As I write this, Alexander Borodin's "In The Steppes of Central Asia" is playing in the background. This is not quite the soundtrack of Tulpan, Sergei Dvortsevoy's latest film from his native Kazakhstan (though he now lives in Moscow). He is an ethnic Russian, a minority that represents 30% of the Kazakh population and whose language is still the most widely spoken. No, Borodin's majestic orchestral portrait might be a touch out of place in this film where the most memorable tunes are some Kazakh pastoral folk songs and Boney M.'s "By The Rivers of Babylon." I defy you to leave the cinema without that great reggae beat reverberating in your brain. When you see Tulpan, you'll appreciate just how incongruous and yet strangely appropriate that track is in the trackless steppe.
Maybe that's the best frame of mind in which to approach this film: there is understated humor, little dialogue, and vistas that are more desolate than majestic.

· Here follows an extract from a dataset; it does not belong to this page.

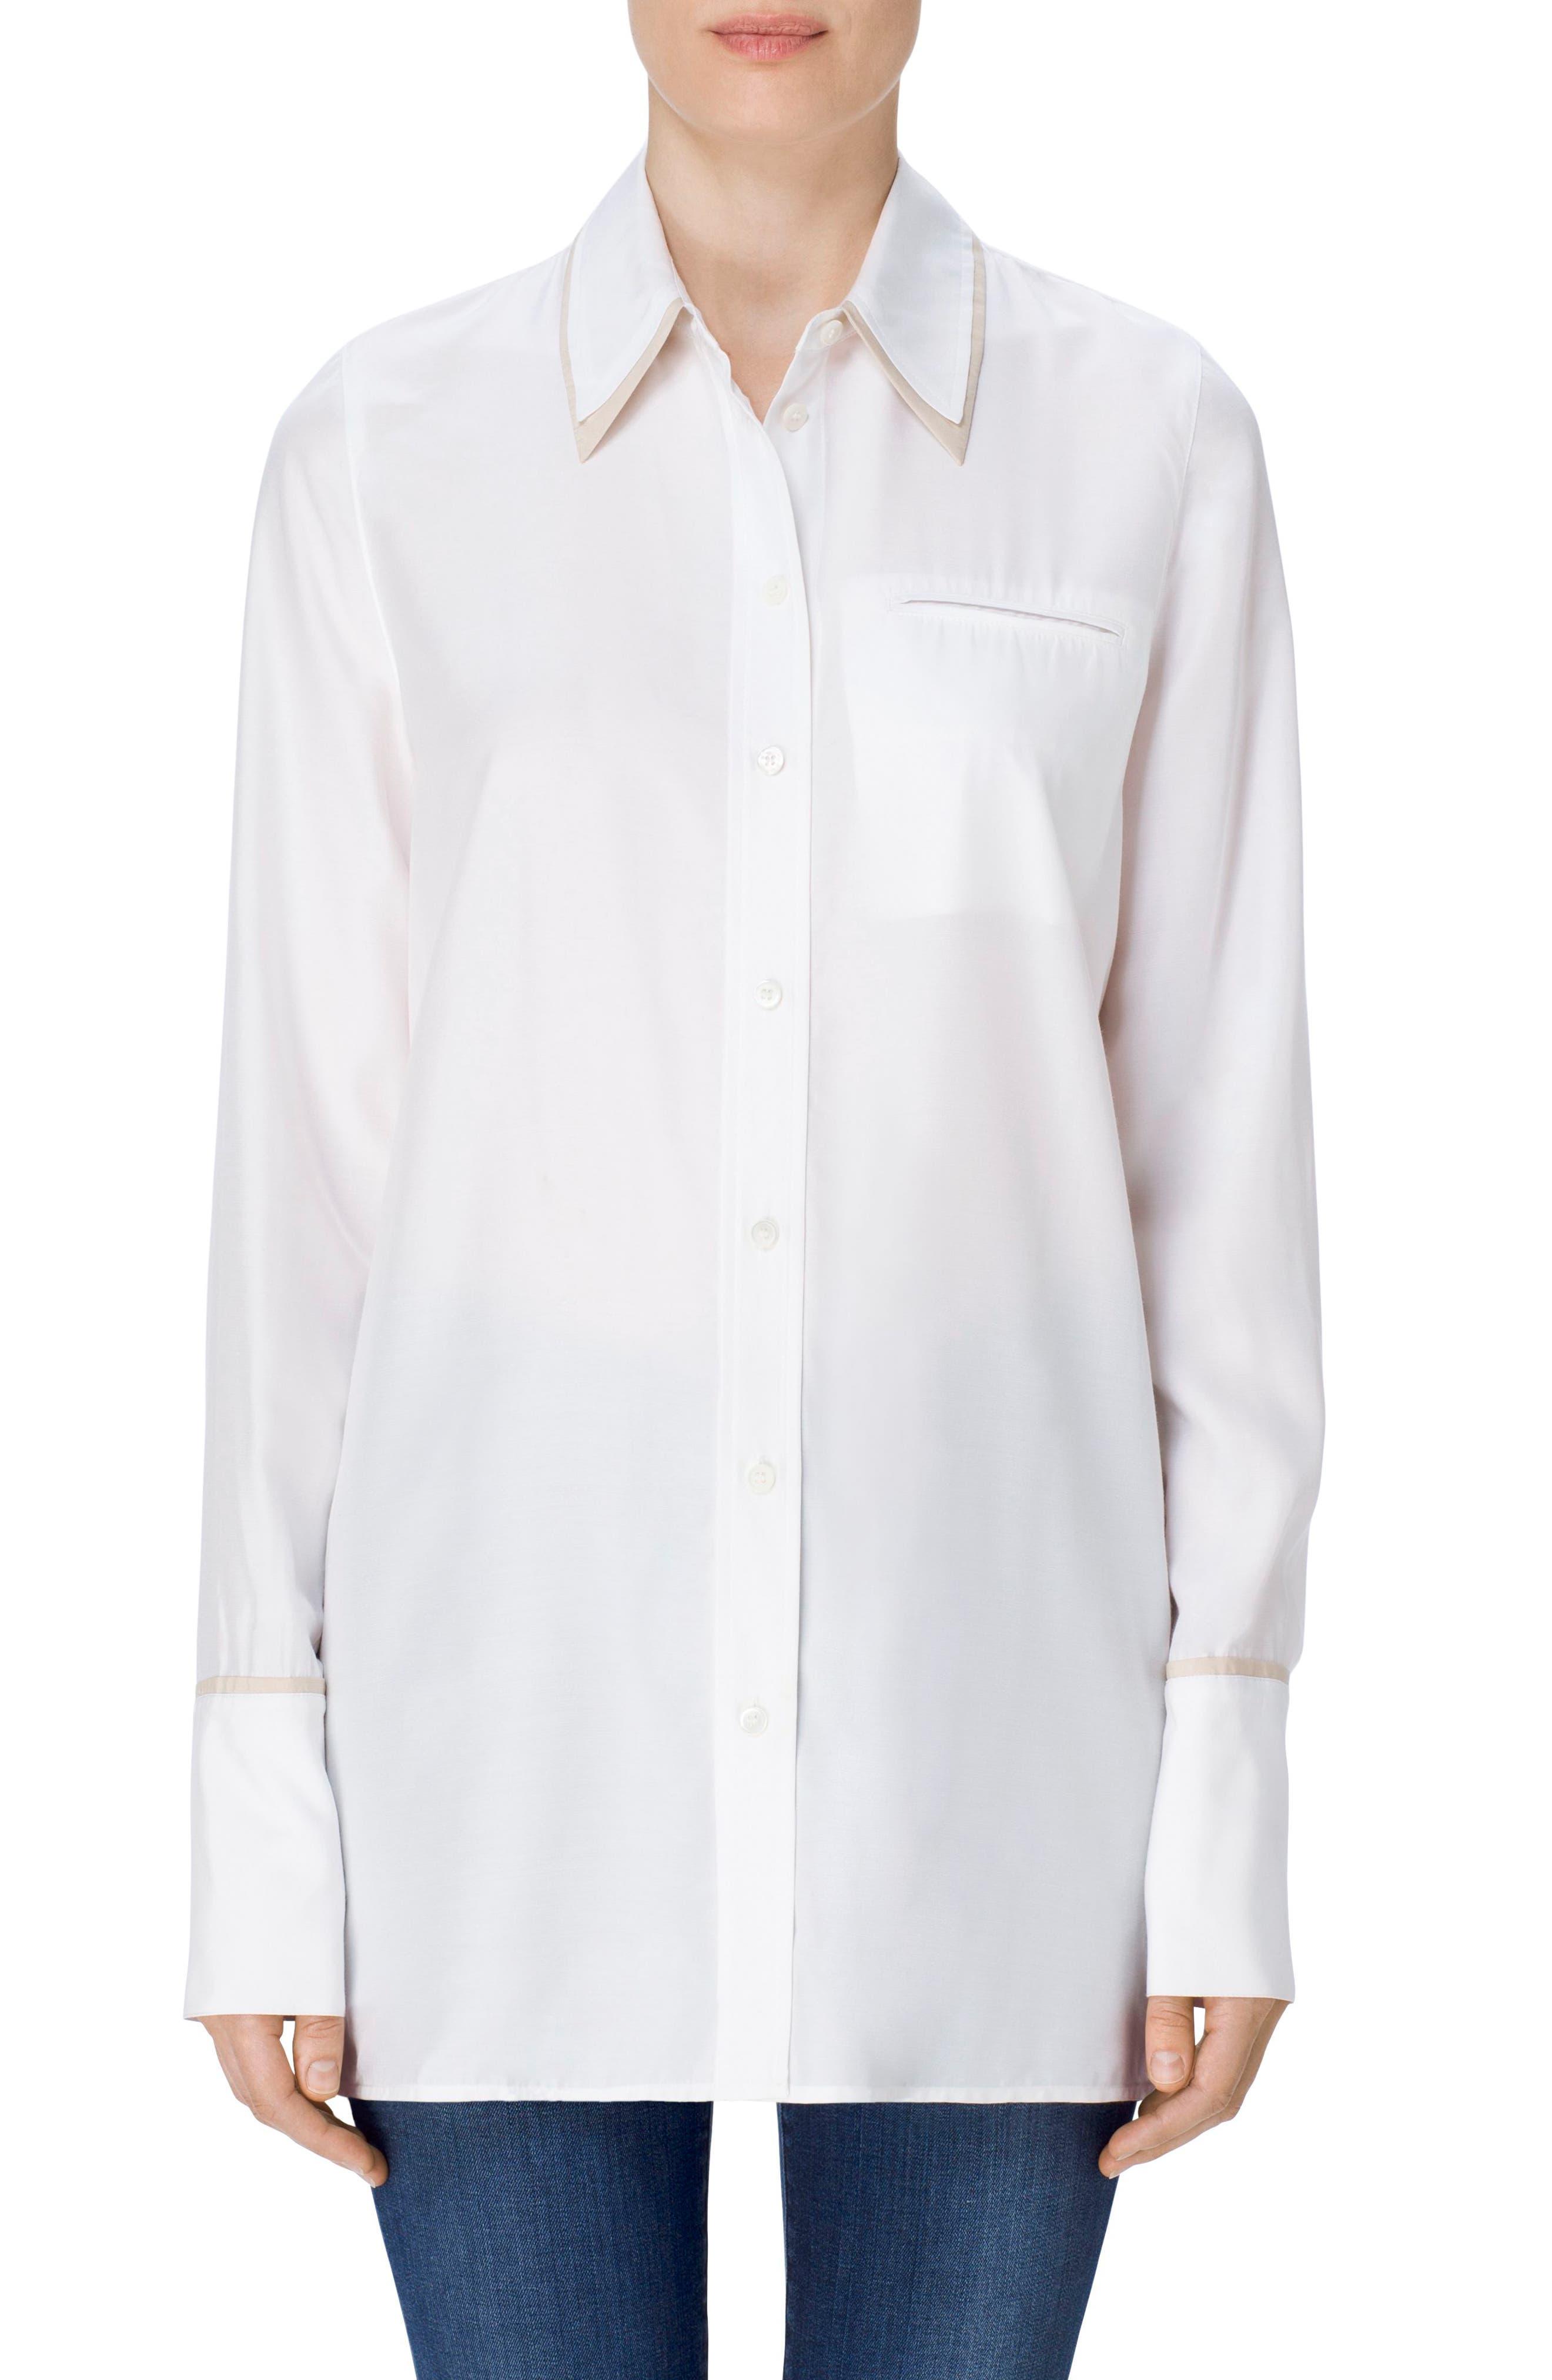 Alternate Image 1 Selected - J Brand Blake Oversize Shirt

Other recent films that portray nomadic life in yurts (Tuya's Marriage and Cave of the Yellow Dog come to mind) show a rather more romantic and richly pastoral view of the steppe. Here it's mainly dust, and the sheep need to get to greener pastures - or else.
But the main preoccupation is getting the lead character Asa hooked up with Tulpan, the mysterious maid in the neighboring yurt. "Cherchez la femme," they might say in Kazakhstan - and they do (I have that on highest authority from the family Kazakh expert, my son, who spent several months there and was intrigued to hear a stream of Russian or Kazakh interspersed with French expressions like "cherchez la femme").
The original sense of "chercher femme" is to get married, and Asa's Kazakh dream - wife, yurt, camel, sheep - is sketched out on the collar flap of his Russian naval uniform. Though we're ostensibly in post-Soviet Kazakhstan, the ties between the new republic and Mother Russia obviously go beyond use of the lingua franca. Asa has just been demobbed, and try as he might, his stories of maritime adventure don't seem to impress Tulpan and her parents.
Director Sergei Dvortsevoy has a solid record of achievement in the world of documentary film making, though this is his first feature film. His documentarian experience shows in the detail of nomadic life, and there are little inside jokes on his past as a radio/aviation engineer - the nomad kid who is always glued to his transistor radio, and relays the news that he has memorized to his family.
Dvortsevoy was interviewed in a Russian journal a few years ago on his philosophy of film making, before his breakout from documentary films, here translated for the Institute of Documentary Film (IDF)
You only have to look at the poster above to see what he means by metaphysical images in everyday life. If you too are fond of life, check out Tulpan. And be ready for Boney M. in the Steppes of Central Asia.